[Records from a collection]
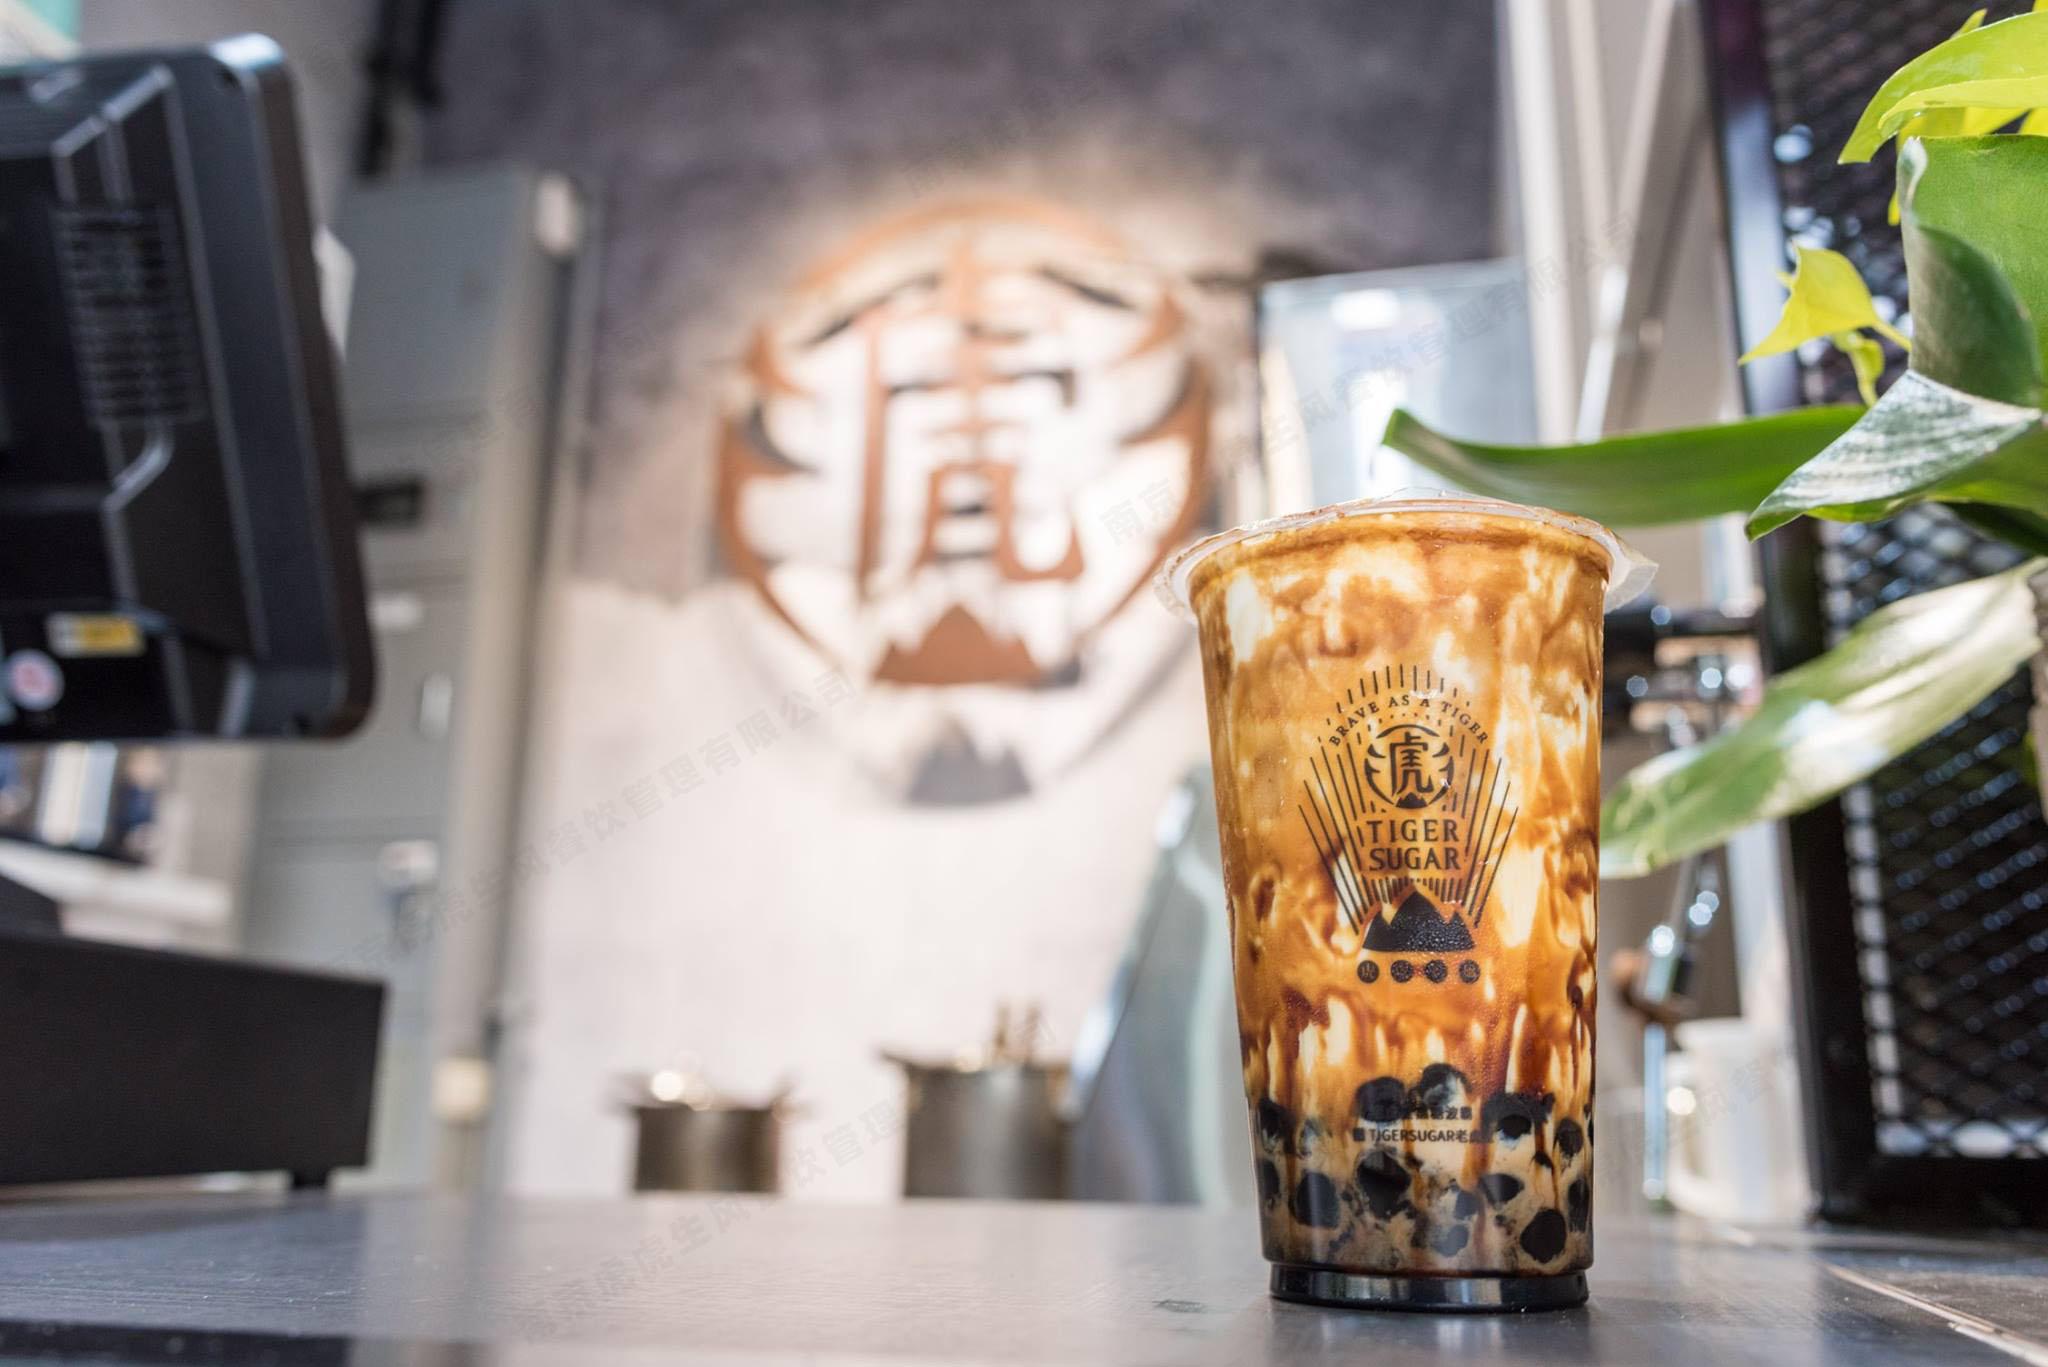 中国新式茶饮市场4000亿元远超咖啡,老虎堂TIGER SUGAR独占鳌头 (图1)
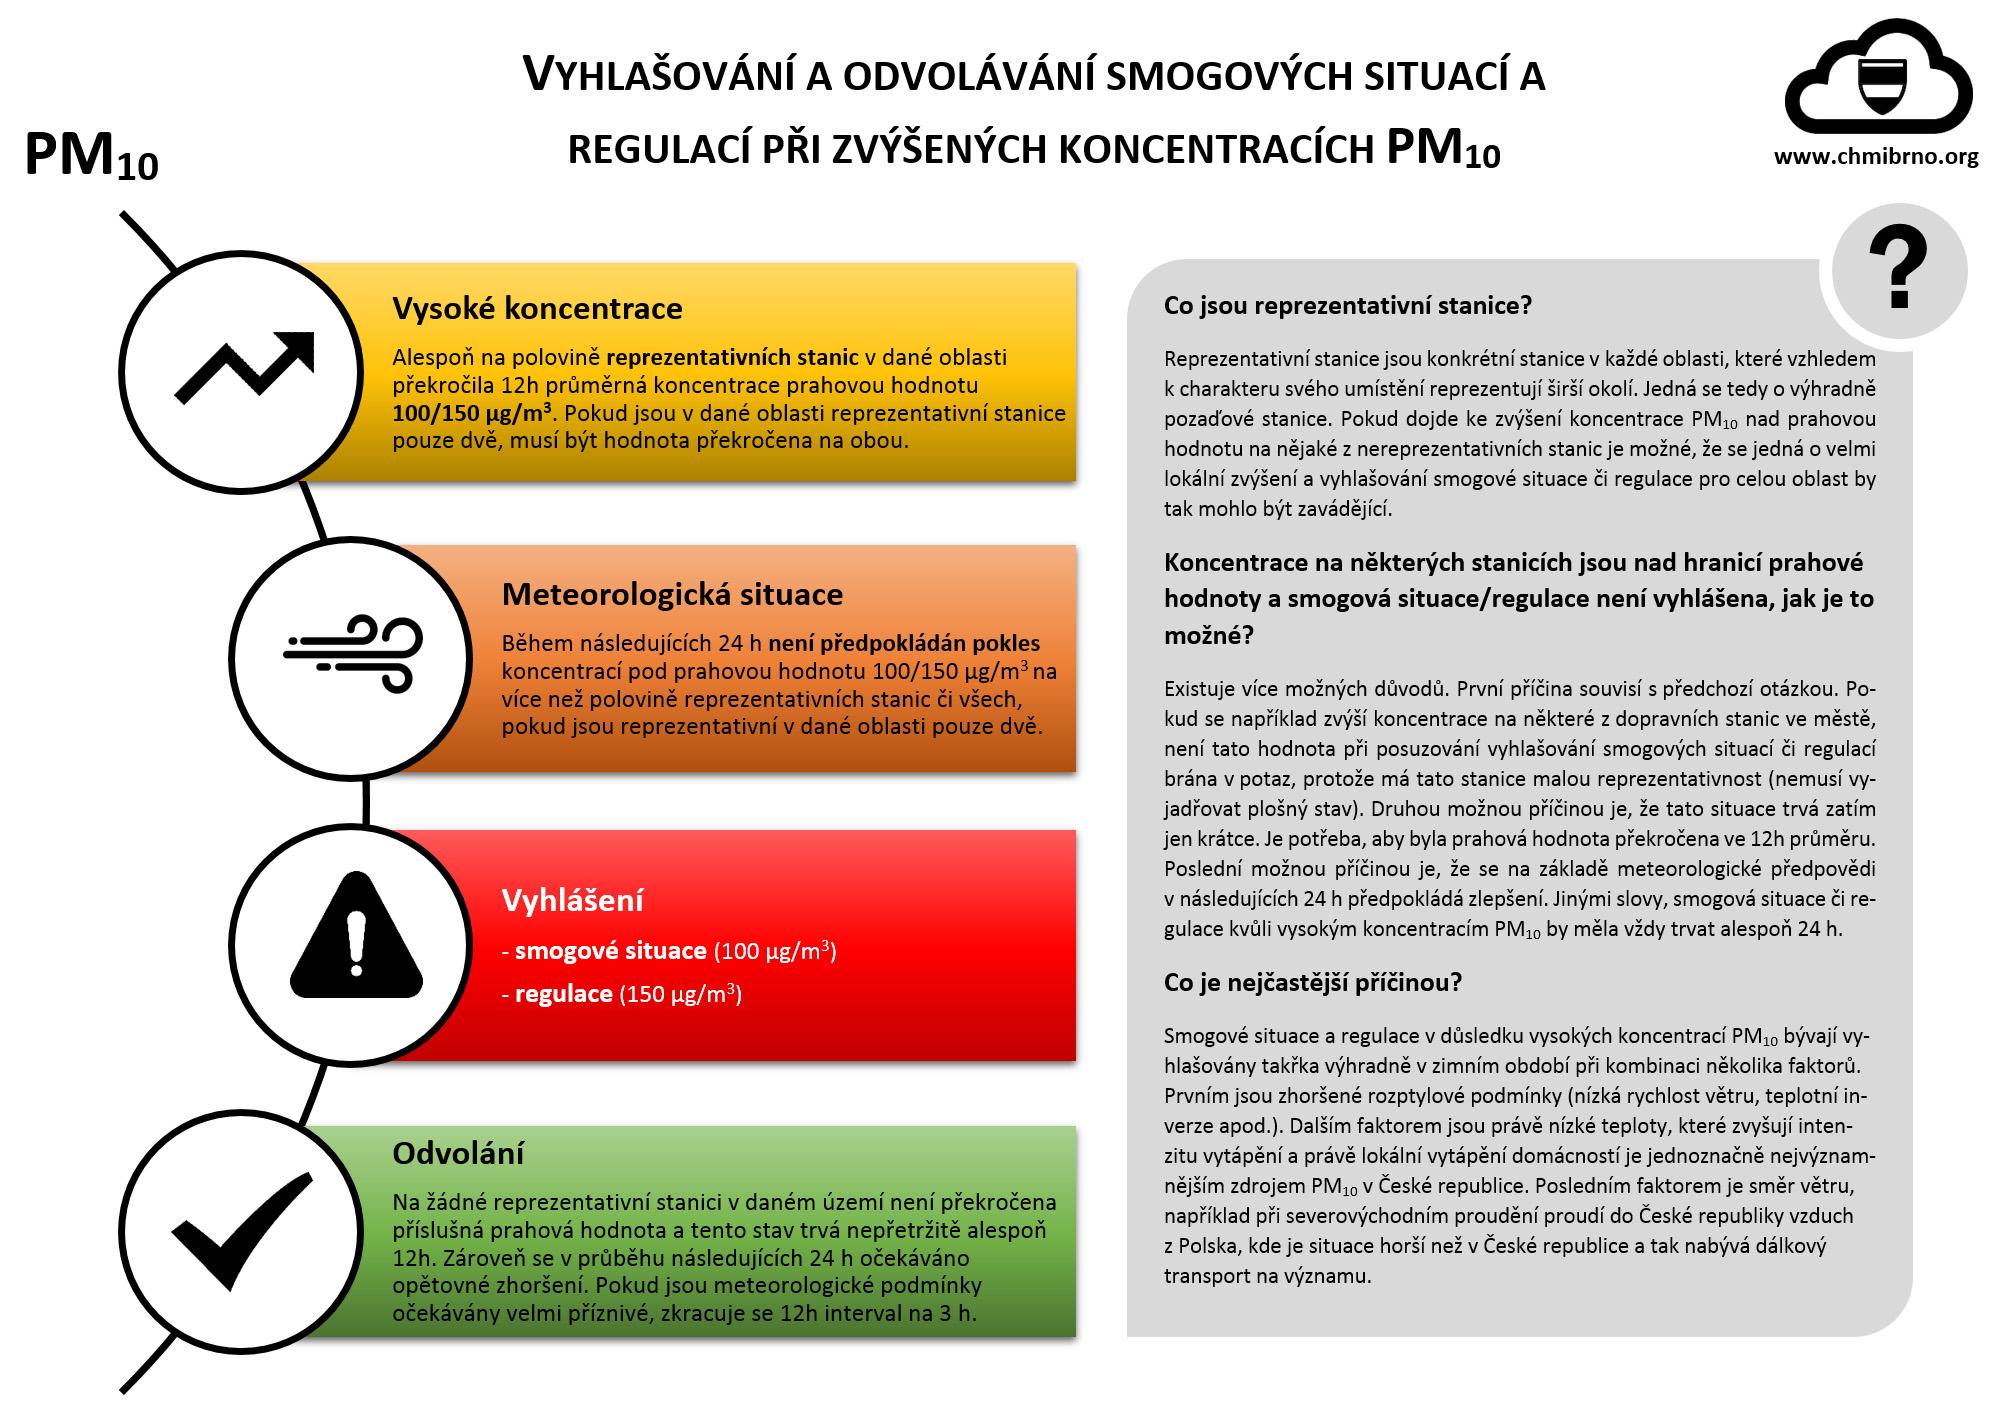 Jak se vyhlašují smogové situace a regulace pro PM10?1 min čtení
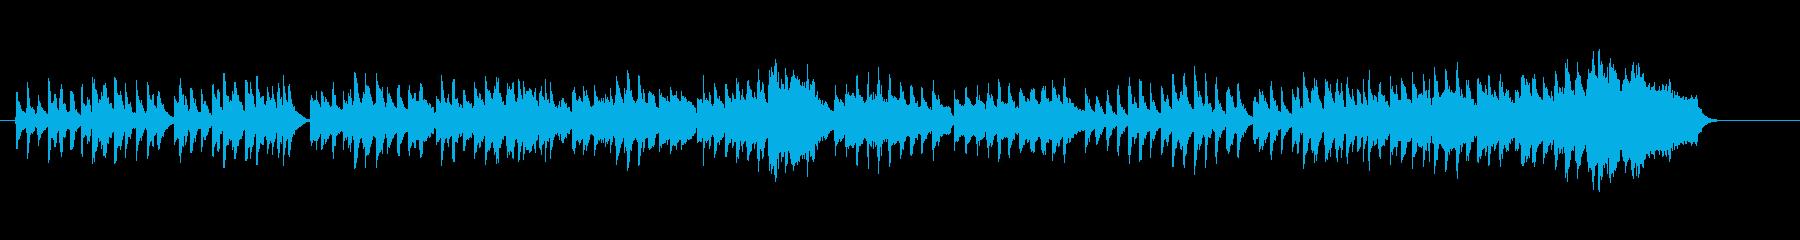 オリエンタル・メロディーの再生済みの波形
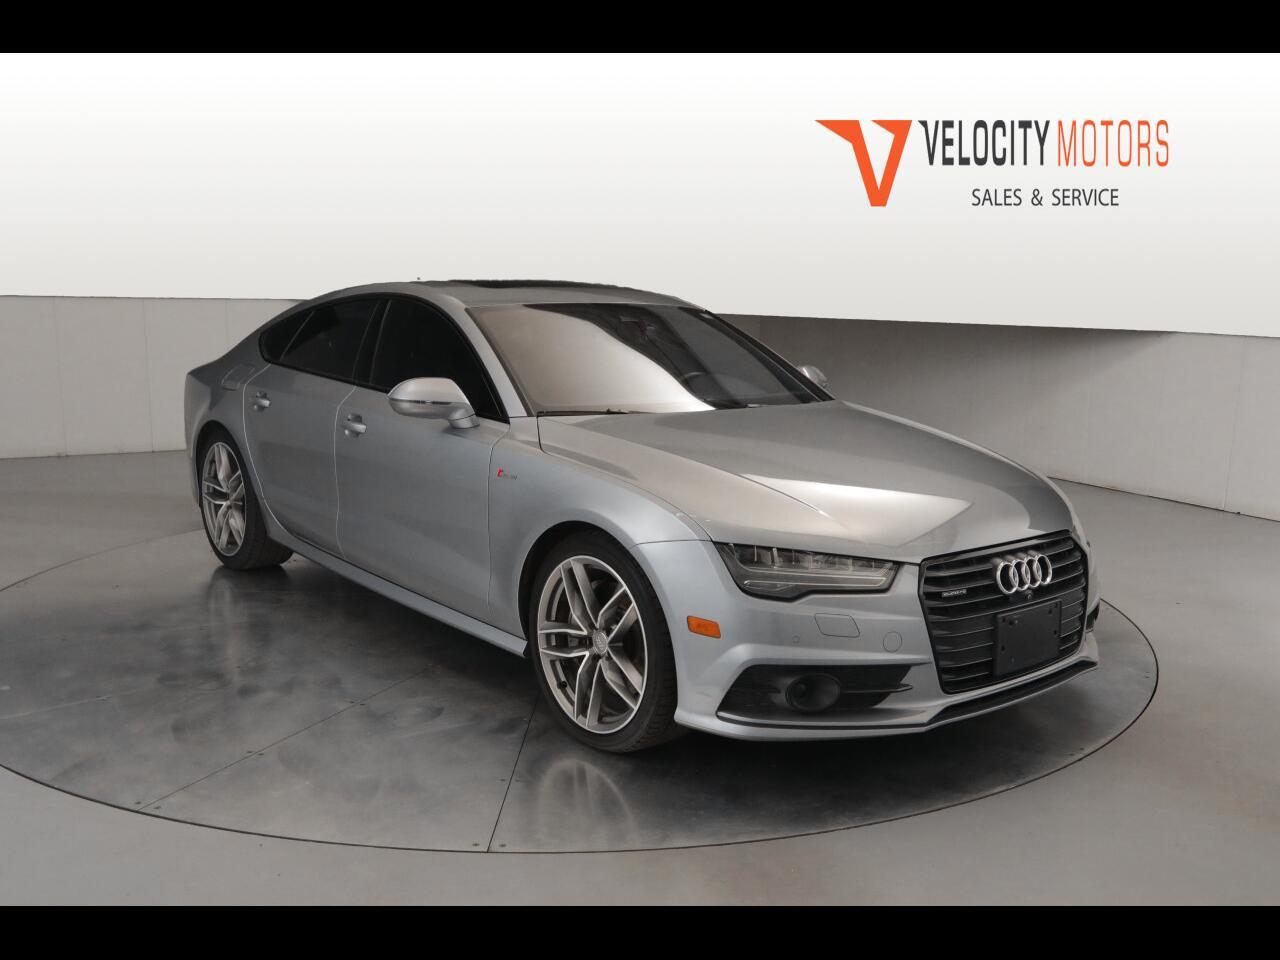 Audi A7 3.0 TFSI Premium Plus quattro 2016
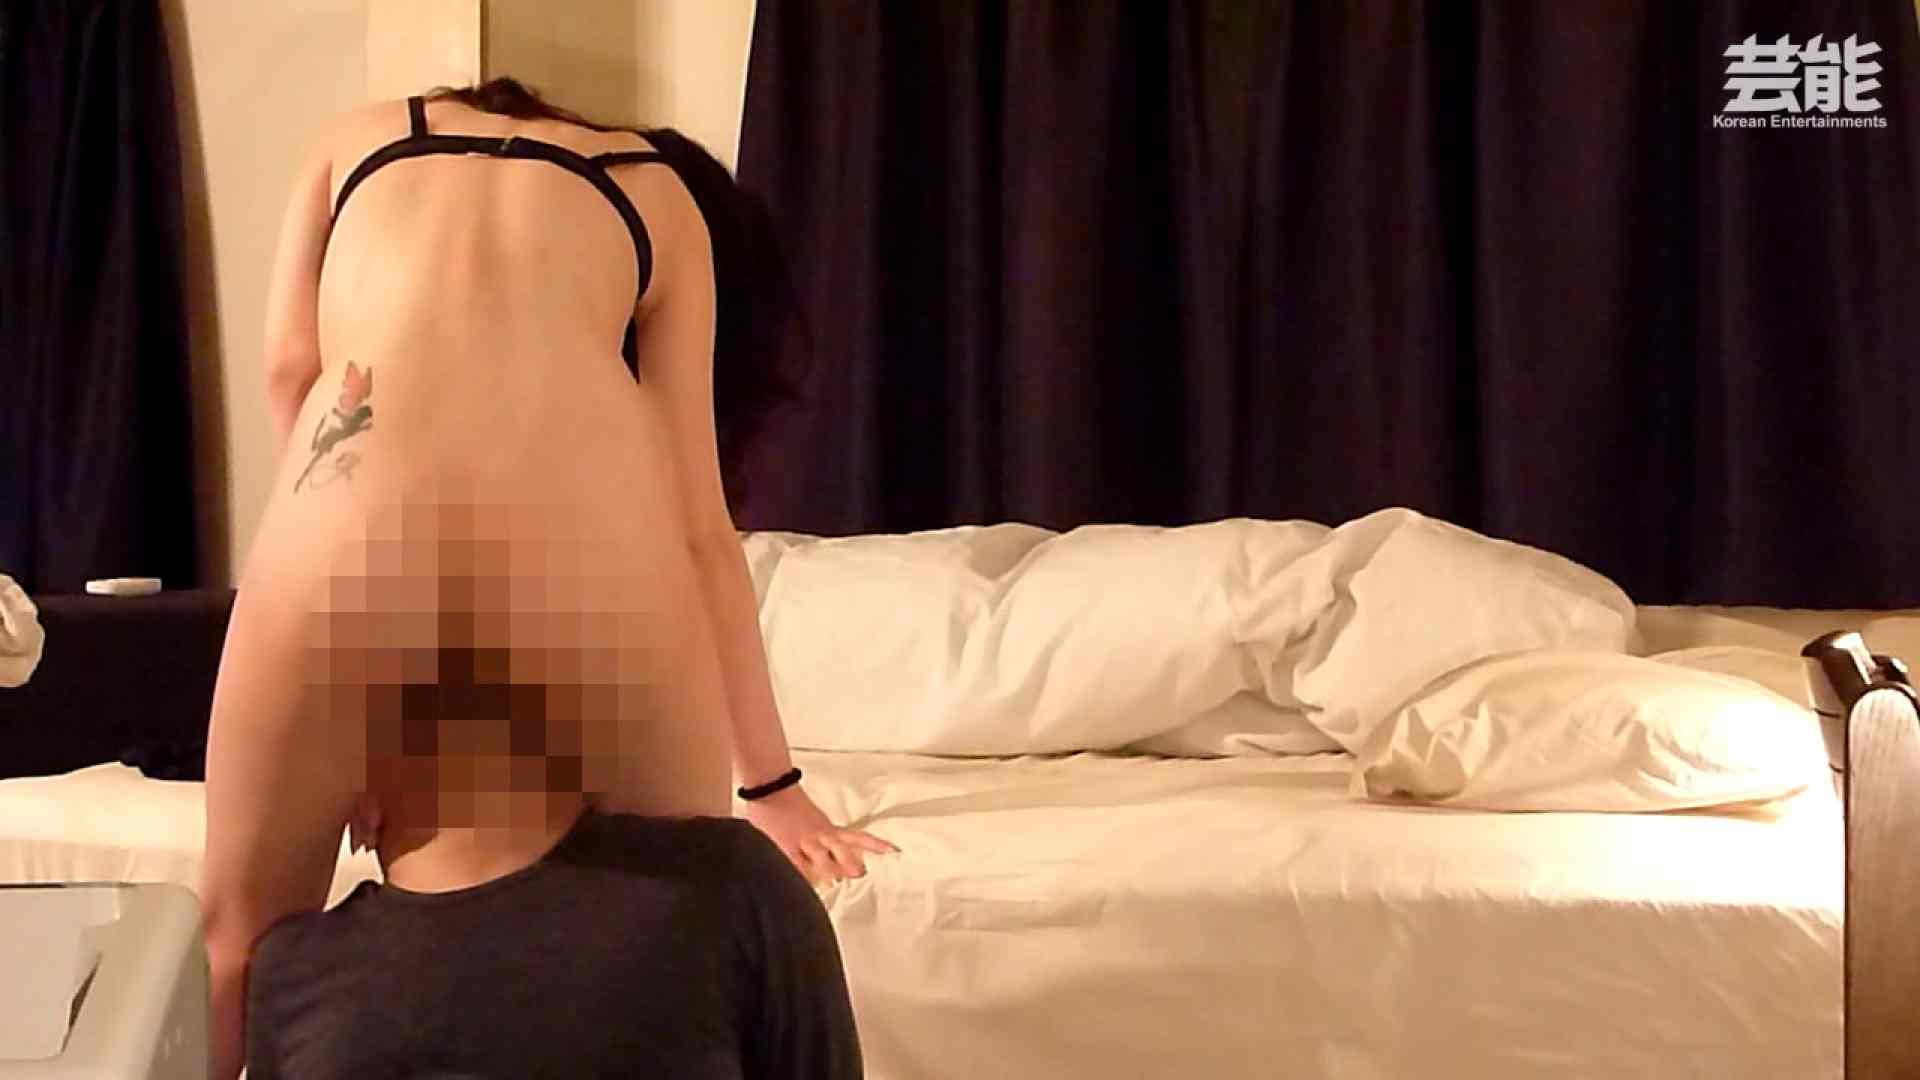 某芸能プロダクションの裏のお仕事5vol.2 美しいOLの裸体 | 韓流丸裸  100pic 64

- _TASK INSTRUCTIONS_
With the pictures removed, return the data above word for word.

- _SOLUTION TO THIS PROBLEM_
 中国新式茶饮市场4000亿元远超咖啡,老虎堂TIGER SUGAR独占鳌头 (图1)
 Jak se vyhlašují smogové situace a regulace pro PM10?1 min čtení
 オリエンタル・メロディーの再生済みの波形
 Audi A7 3.0 TFSI Premium Plus quattro 2016
 某芸能プロダクションの裏のお仕事5vol.2 美しいOLの裸体 | 韓流丸裸  100pic 64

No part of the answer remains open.